Wednesday, January 25, 2012

Drawing the wrong conclusions from Race to Nowhere

I finally had a chance to see Race to Nowhere, the movie everyone's been talking about (including yours truly) but few have had seen (seeing as it isn't playing in movie theaters).

Today's kids are stressed out--yes. Perhaps as never before. They seem to be spending less and less time playing than ever before. They may be getting more homework, and less sleep, than ever before. More and more of them are more stressed out than ever about getting into college and landing a decent job. The AP exams appear to be giving record numbers of students record levels of stress. All these things are true.

But many of the conclusions that the movies draws from all this are simply wrong, and serve merely to further entrench certain of our most problematic current practices. For example:

It's not the curriculum; it's the teacher. Sorry, it's both. The best teacher in the world can't teach decent math if all she has is TERC Investigations, especially if she's threatened with punishment for insubordination if she deviates from the curriculum.

Pressure to raise test scores prevents teachers from using methods that we know do work, like group activities and project-based learning.  Sorry, but we don't know that these methods work better than their alternatives; in fact there's plenty of evidence that they don't. What the pressure to raise those No Child Left Behind test scores has instead done is cause schools to dumb down the curriculum and ignore the most capable students.

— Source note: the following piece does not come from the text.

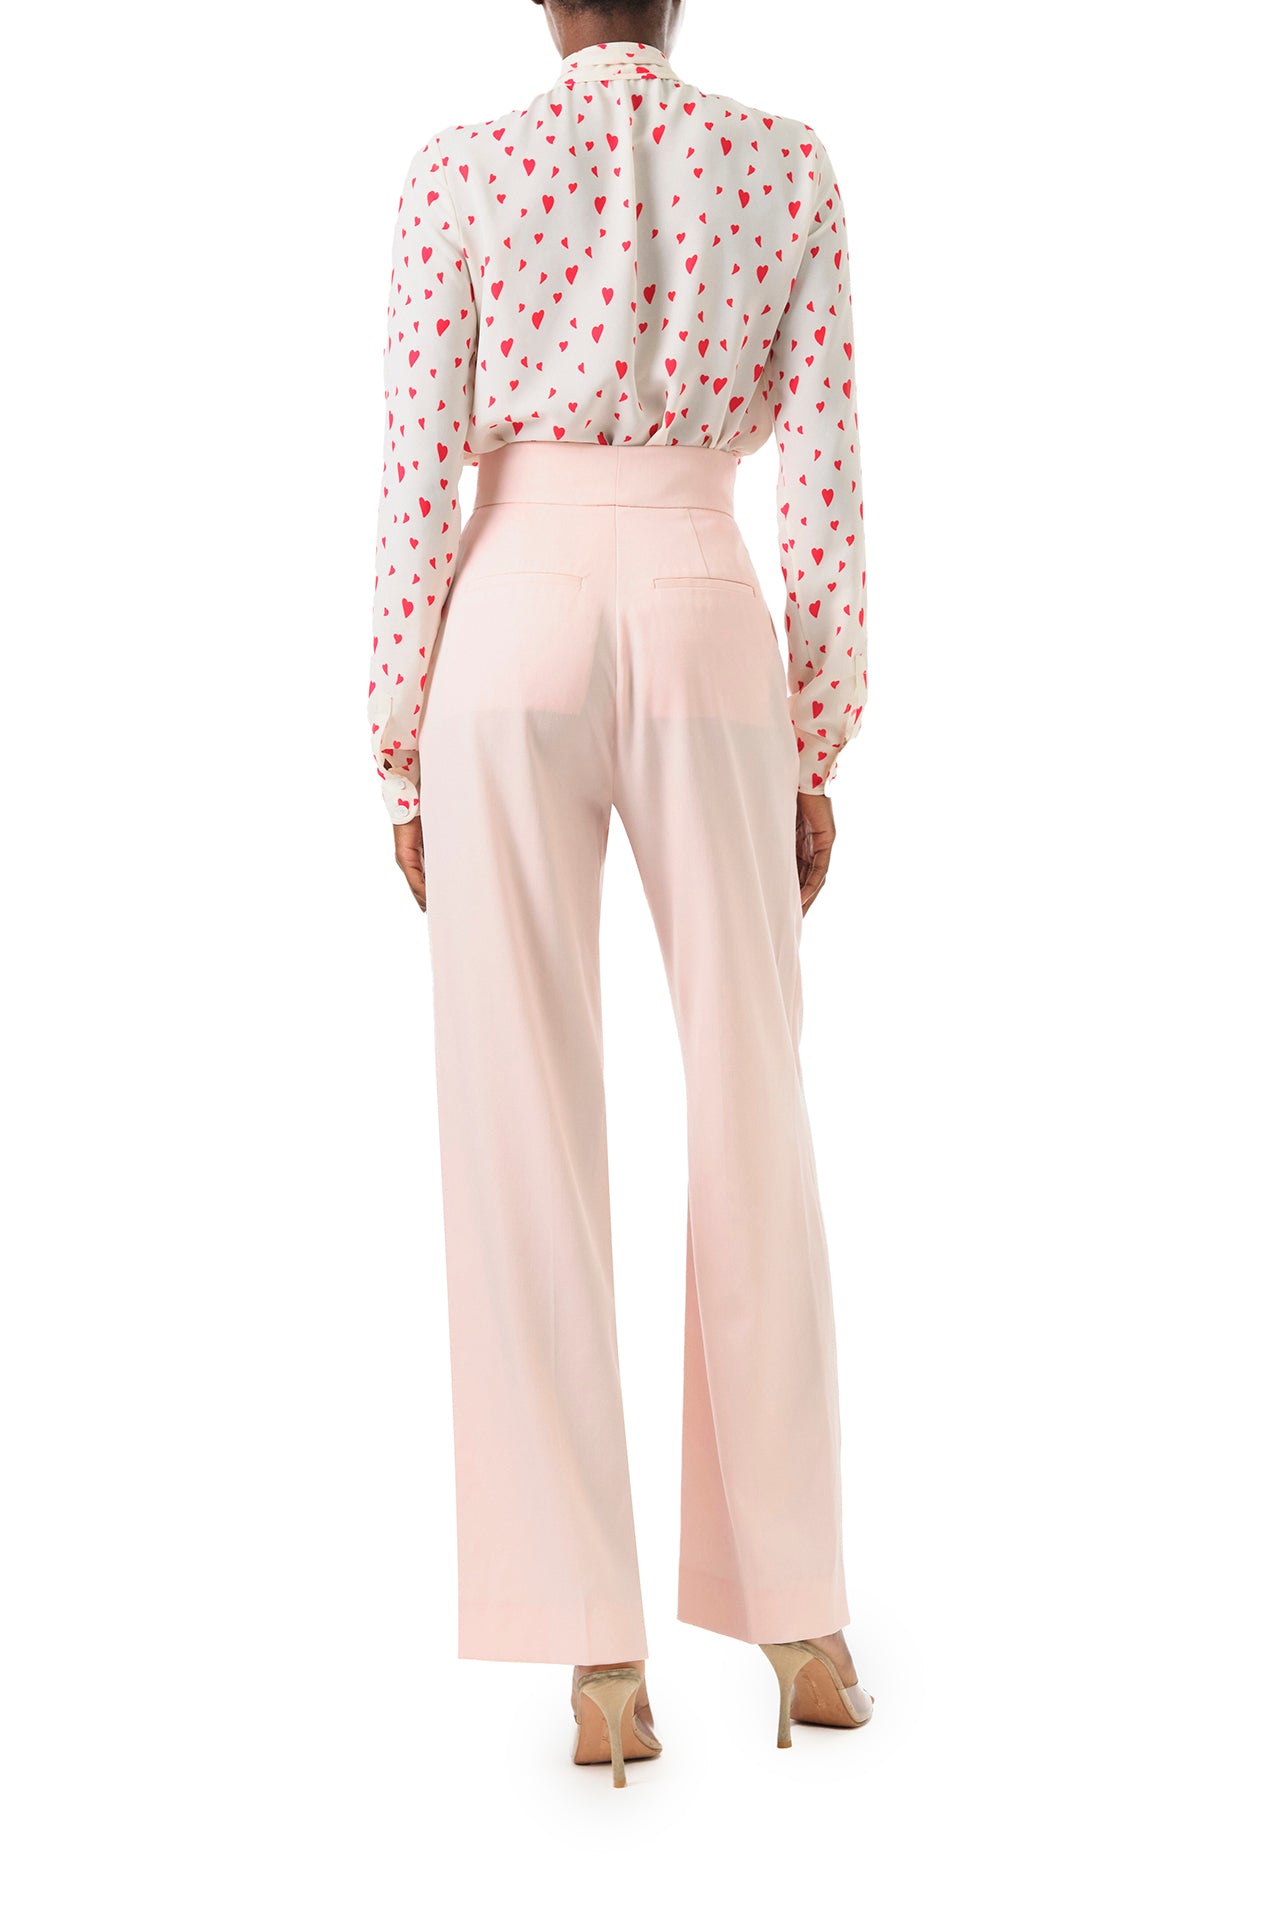 Monique Lhuillier Fall 2024 long sleeve, bow tie blouse in Heart Printed Georgette - back.
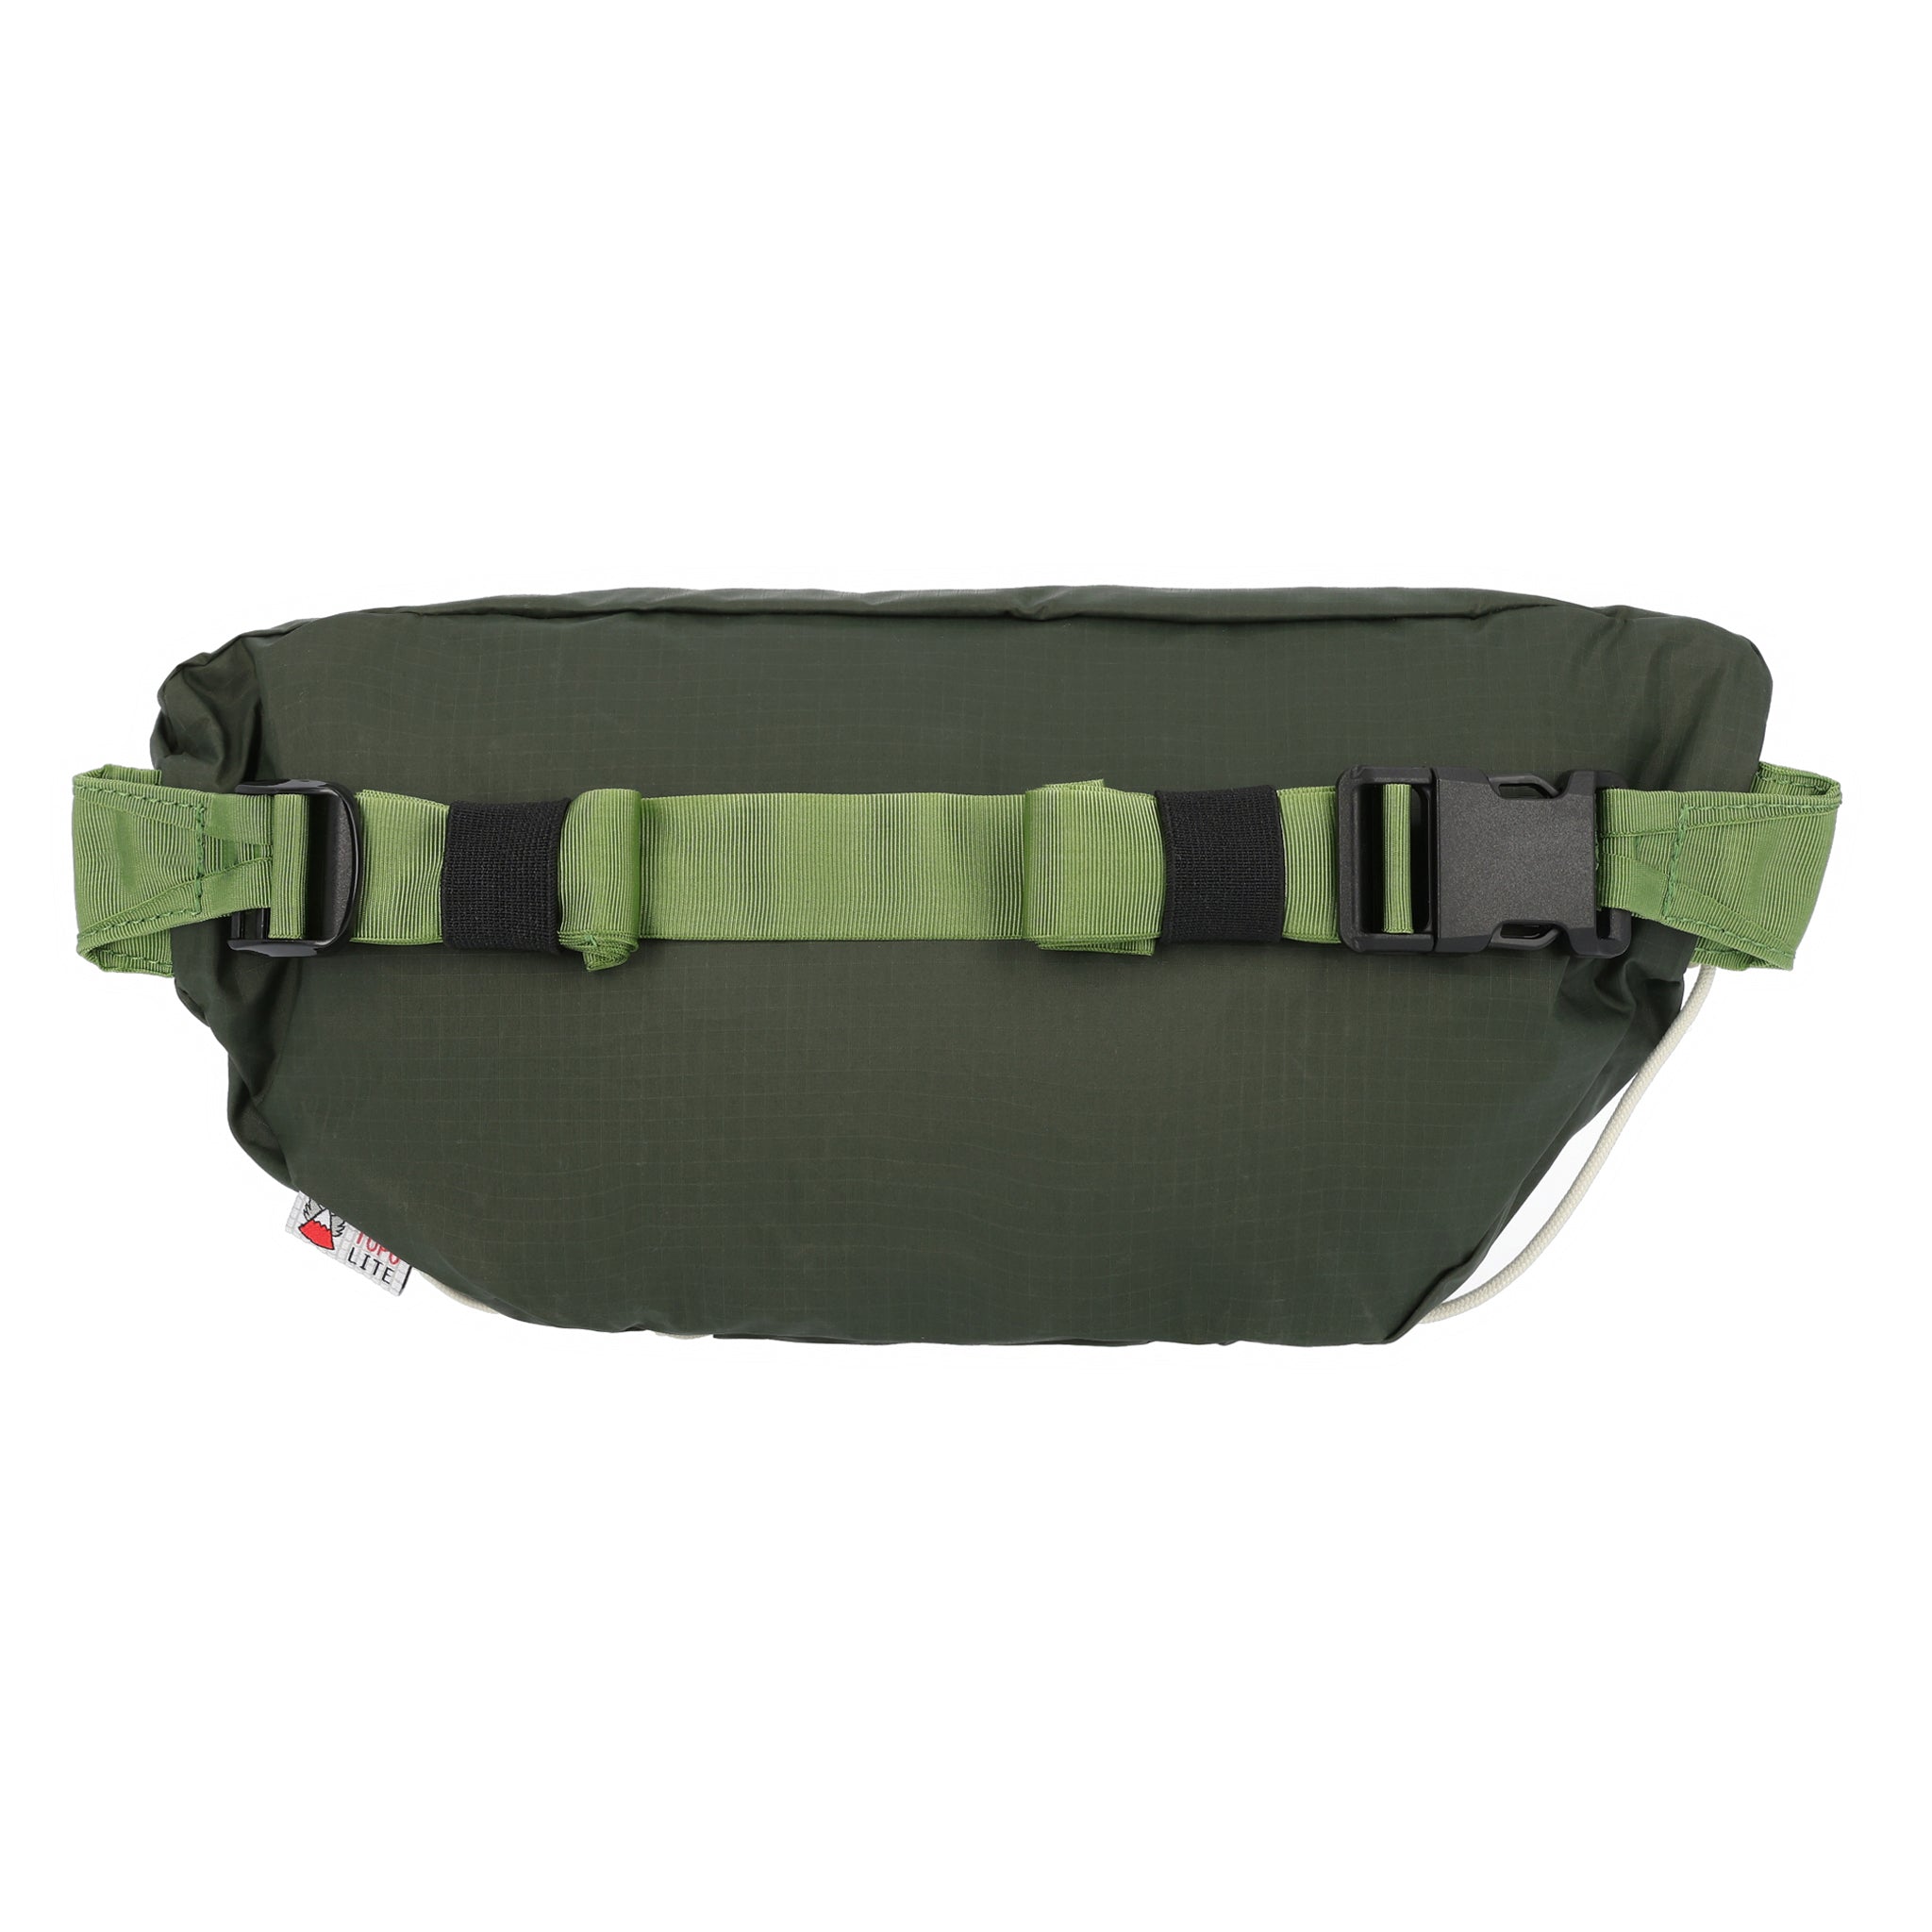 Supreme Waist Bag Water resistant nylon ripstop with X-Pac

AP tests should be abolished. These do seem to be a growing source of stress, with record levels of failure, but as I noted earlier:

All those watered-down math and science classes and content-impoverished social studies classes disadvantage even our top students, such that by the time they reach high school it's hard--and extremely stressful--for them to make up for lost time, whether in math, biology, chemistry, or history.
The fact that record numbers of college students are having to take remedial classes shows that we are going about teaching them the wrong way. Yes, indeed. But the answer isn't to replace AP classes with even more group-centered, project-based learning. AP classes, in fact, are one of the few remaining ways in which we can hold high schools accountable for preparing students for non-remedial, college-level work.

The movie also overlooks or downplays some key issues. Much of the decline in free play, and much of the increase in childhood stress, has nothing to do with schools, but stems from excessive screen time at home, overly structured day care, restricted outdoor activities (our paranoia about pedophilia and playground accidents exceeding our paranoia about childhood obesity), and over-scheduling (all those sports; all that music, dance, and theater; later on, all those college resume-builders).

Much of the excess of today's homework takes the form of those time-consuming, high-ratio-of-effort-to-learning, and often organizationally-nightmarish and developmentally inappropriate busywork assignments favored by the Project Based Learning model that the movie, at least in places, implicitly endorses. Cut all that out, along with the summer projects, and pressure would decrease substantially, and open-ended play time could start making a comeback--the more so if schools would start reviving recess and parents would stop overscheduling.

Much of the stress of the college rat race comes from parents resorting to outside tutoring to make up for the deficiencies they perceive in their children's schooling, and from increasing competition from better-prepared overseas applicants whose schools haven't yet abandoned rigorous academics. The terrible employment situation only makes people crazier.

Finally, Race to Nowhere leaves out the possibility that intense academic challenges can be sources of joy, of flow. Set up properly. Yes, in that sense, it is the teacher (not just the curriculum). With a rigorous curriculum and a teacher who both understands it and knows how to teach it, kids can not only Run Somewhere, but perhaps even Run a Marathon.

4 comments:

Melinda Salmon said...

Completely agree, Katie! Glad we got to see the movie together and discuss it afterwards. Hope to see you again soon!
Melinda

FedUpMom said...

Katharine, I think people say they're in favor of "project-based" or whatever because they want to be progressive, but they don't necessarily know what the alternatives look like.

I think the winning argument is that you can teach kids more with fewer hours, less homework, and less stress using Singapore Math than fuzzy math. That's the argument that wins with me.

Anonymous said...

I agree! My 14 year old homeschooled son has one hour traditional algebra instruction per week from a math teacher with a very solid math/engineering background. The teacher says Mars learns more in that one hour than the students he tutors who have 5 hours of classroom instruction by other methods. Mars completes all his math--the lesson plus reinforcing homework in about 3 hours per week. He adores algebra, tackles homework with gusto and tests in the 97 percentile for his age--despite considerable learning disabilities which "should" impair progress.

Sarah

Early Knowledge for Kids said...

You bring up a good point about "content-impoverished" coursework. According to cognitive scientist Daniel Willingham, only about 5-10% of the school day at the elementary level is devoted to knowledge building.

Kids don't learn enough in elementary school, so they experience information overload at the middle and high school level. They have to learn too much in too little time. The countries that are successful academically put a lot of emphasis on knowledge building, sometimes as early as preschool.